Monday 16 May 2016

Real life?

When my aunt was dying, she told me she had always hoped her husband would die first because he would never manage on his own. She was right. He died less than a year after her. Despite her attempts to warn him of what was to come: having to remember to pay the bills (which she had always done), taking care of the house and garden (ditto) and, worst of all, doing everything on his own, he wasn't prepared for widowhood. He set the house on fire a couple of times preparing food, drank too much and then had a heart attack. But it was the loss of his wife that killed him.

I was once told by a friend who had lost her husband very young that marriage, the state of two, was the ideal situation. I'm not sure how she knew that, although she obviously realised that our society regards coupledom and, these days, serial coupledom as the norm. I wondered at the time if her reliance on marriage as the perfect state made being on her own as a young widow with children even more difficult.

To me, the most frightening thing about losing a spouse for my generation of baby boomers is that they seemed to marry straight from their parents' houses, so they never had to stand on their own two feet or depend on their own resources or manage money or get used to being on their own. Losing a spouse (or partner, as I should probably say these days) has to come as a terrible blow for these people.

I've been told by a married friend from this generation (with two salaries coming in over a period of 30-odd years) that ideally everyone needs to have 'a couple of thou' in the bank for emergencies. That to me just sums up the arrogance of the couple world: single people (standing on their own feet, depending on their own resources, managing their money and living on their own) don't have that luxury. We struggle to meet the mortgage payments and to keep the car on the road (the one we need to get to the job we probably don't enjoy).

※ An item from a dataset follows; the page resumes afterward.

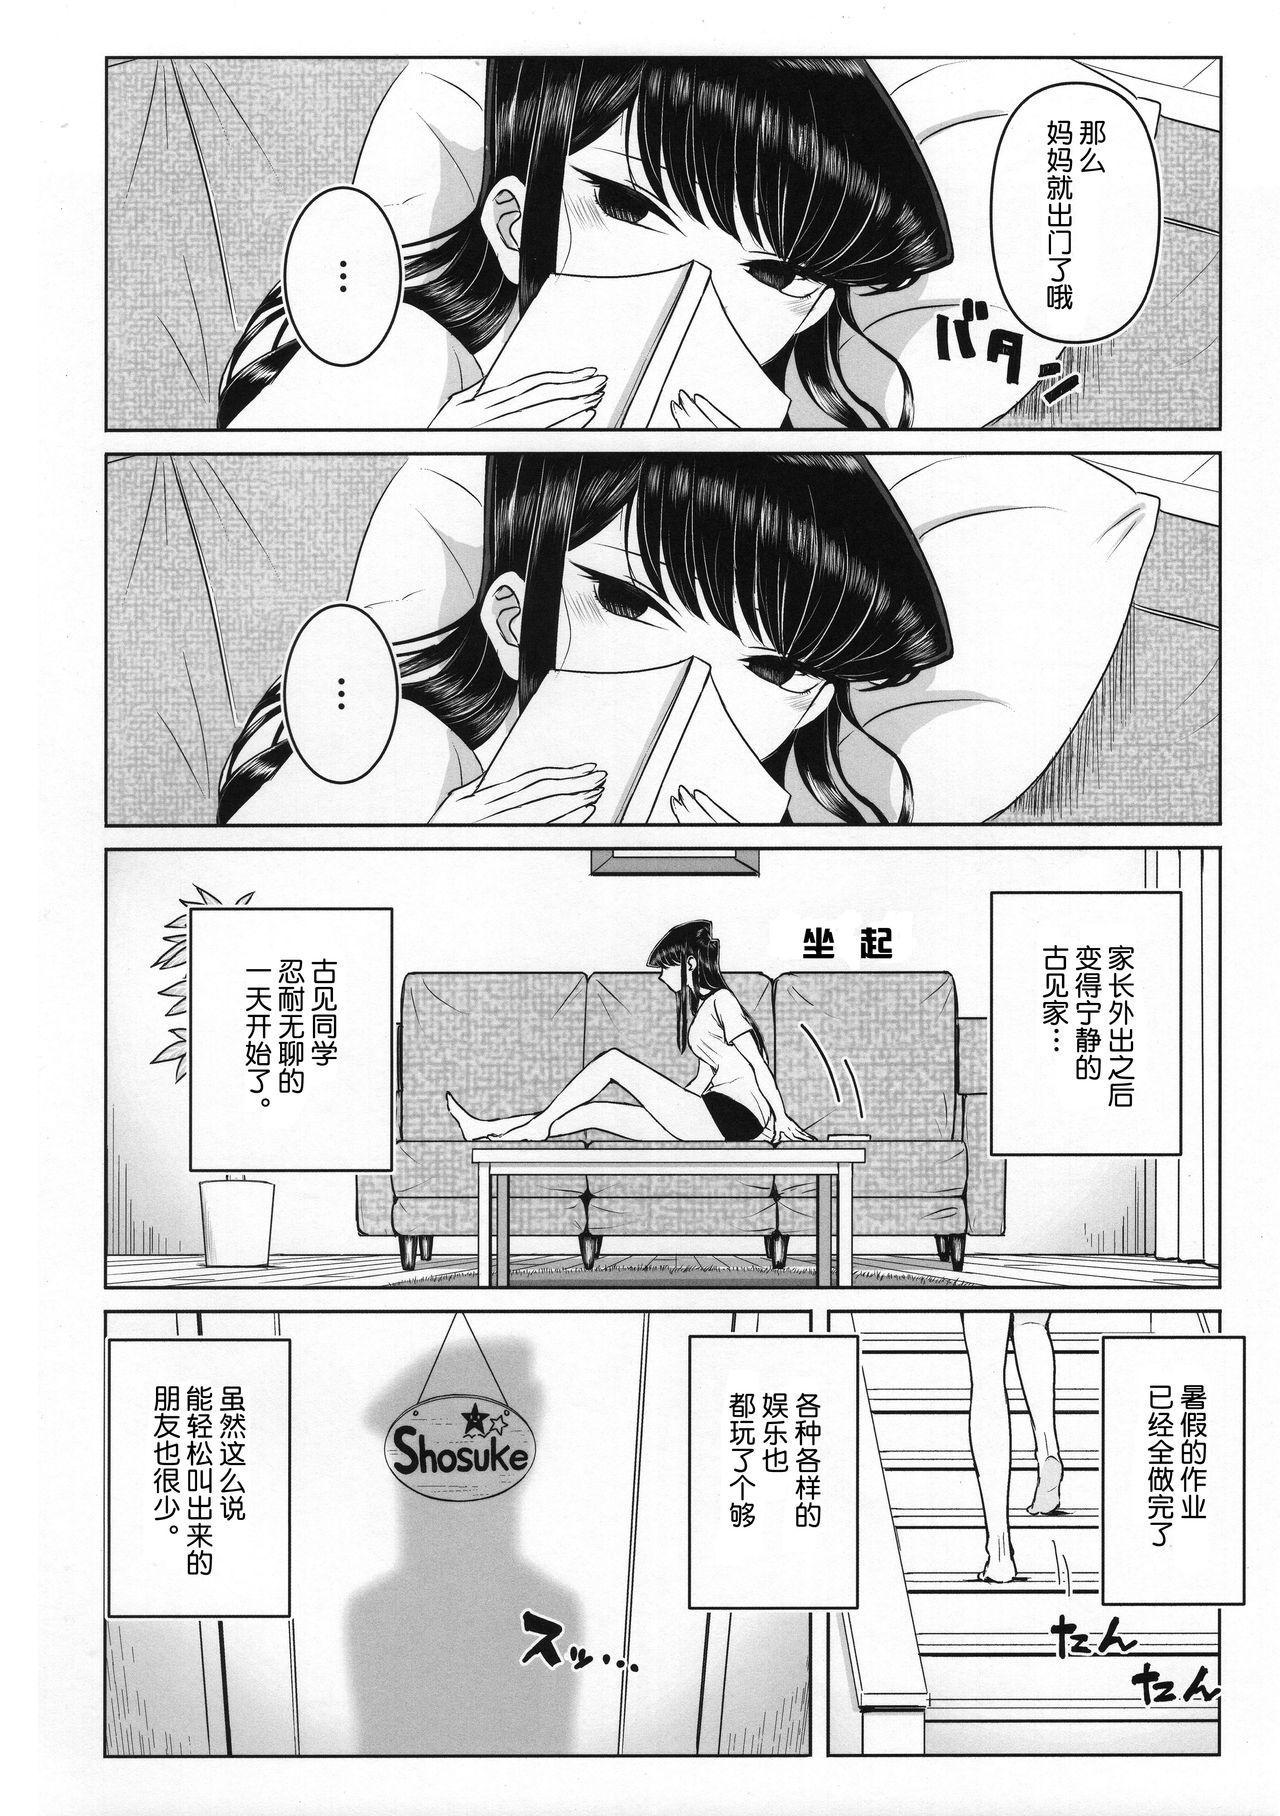 Komi-ke no Kyoudai Asobi 5

I'm convinced that us single people are the ones who keep the economy moving, not couples.

I've never been involved in a marriage/partnership but I've found myself wondering about what I consider this state of co-dependency. Do couples at some point sit down and talk about what will happen if one of them dies? I'm single and always have been but I've made my will, appointed a couple of nephews to make sure I'm not left in a vegetative state and written out my funeral arrangements. Do married people do that?

Or do they live as if they will always be alive and together?